Artificial Intelligence in Neonatal Hip Ultrasound: A Scoping Review of Methods and Clinical Evidence.
Authors
Affiliations (4)
Affiliations (4)
- Program in Innovative Technologies in Biomedical Sciences, Faculty of Medicine and Surgery, Kore University of Enna, Enna, Italy.
- Pediatric Unit, Department of Pediatrics, Azienda Ospedaliero Universitaria Policlinico G. Rodolico-San Marco, University of Catania, Catania, Italy.
- Department of Engineering and Architecture, Kore University of Enna, Enna, Italy.
- Department of Pediatrics, Faculty of Medicine and Surgery, Kore University of Enna, Enna, Italy.
Abstract
Developmental dysplasia of the hip (DDH) is among the most common musculoskeletal disorders in infants. Ultrasound, especially the Graf method, is the gold standard for early diagnosis but suffers from operator dependence and variability. Artificial intelligence (AI) and machine learning (ML) have recently been applied to improve acquisition, measurement, and classification tasks in neonatal hip ultrasound. To systematically map and synthesise the literature on AI/ML applications for neonatal hip ultrasound, identifying algorithmic approaches, tasks, study characteristics, performance metrics, and knowledge gaps. A scoping review was conducted using the Arksey and O'Malley framework, refined by the Joanna Briggs Institute, and reported according to PRISMA-ScR. The protocol was registered in PROSPERO (CRD420251150044). The protocol was initially registered as a systematic review and subsequently conducted as a scoping review; this methodological adaptation is acknowledged.
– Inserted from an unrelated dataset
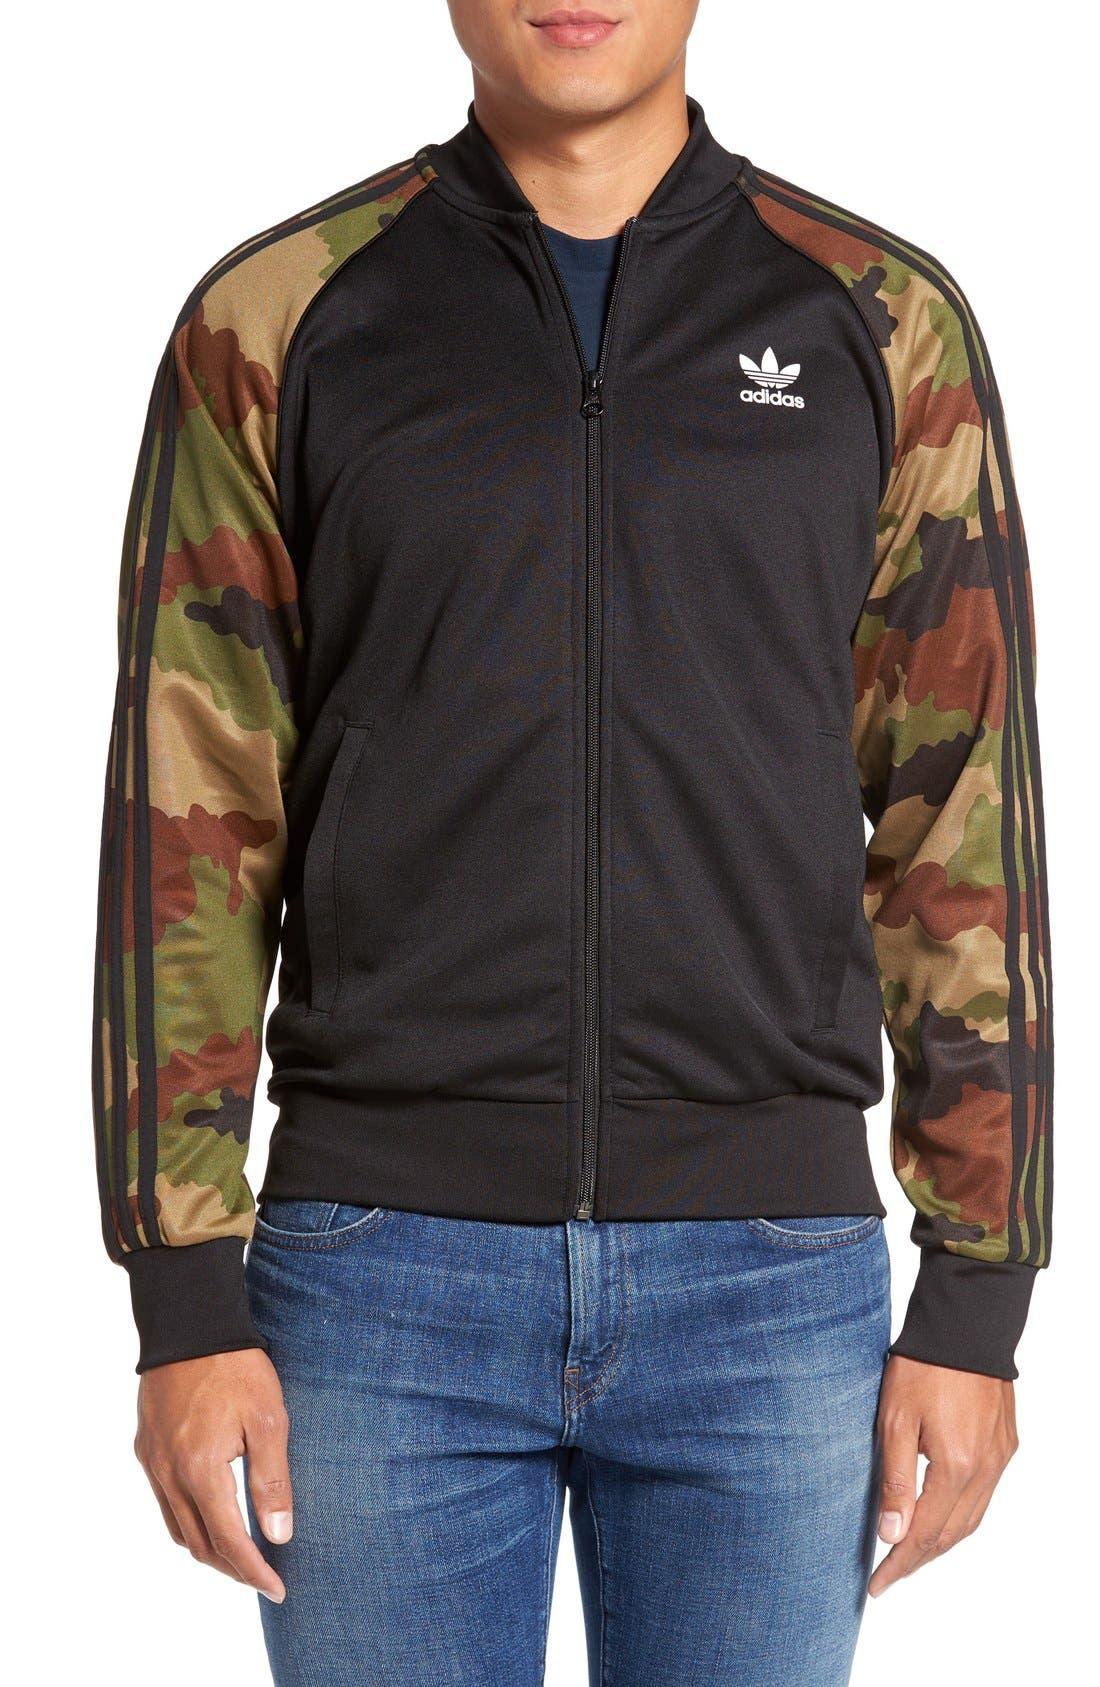 Buy cheap adidas originals camo bomber jacket >Up to OFF43

PubMed/MEDLINE, Embase, Scopus, and IEEE Xplore were searched for English-language studies from January 1, 2015, to September 10, 2025. Eligible studies evaluated AI/ML algorithms for neonatal hip ultrasound in infants ≤ 12 months. From 192 records, 41 studies met inclusion criteria. Publications increased from 2020 onward, with China and Canada contributing over half. Most were retrospective, single-centre developments using convolutional neural networks; a minority used YOLO detectors or transformer models. Tasks included landmark detection/segmentation (53.7%), automated α/β angle estimation (26.8%), classification (19.5%), and scan quality assessment (≈10%). Because some studies addressed multiple analytic tasks, these categories were not mutually exclusive and percentages therefore exceed 100%. Internal performance was high (ICC up to 0.94, Dice > 0.90, AUC ≥ 0.95), but external validation was rare (≈5%). AI/ML has been applied to neonatal hip ultrasound primarily for landmark detection, angle estimation, classification, and scan-quality assessment. Reported internal performance is often high; however, clinically relevant diagnostic accuracy studies remain limited, external validation is rare, and most evidence derives from single-centre datasets. These limitations currently constrain clinical generalizability.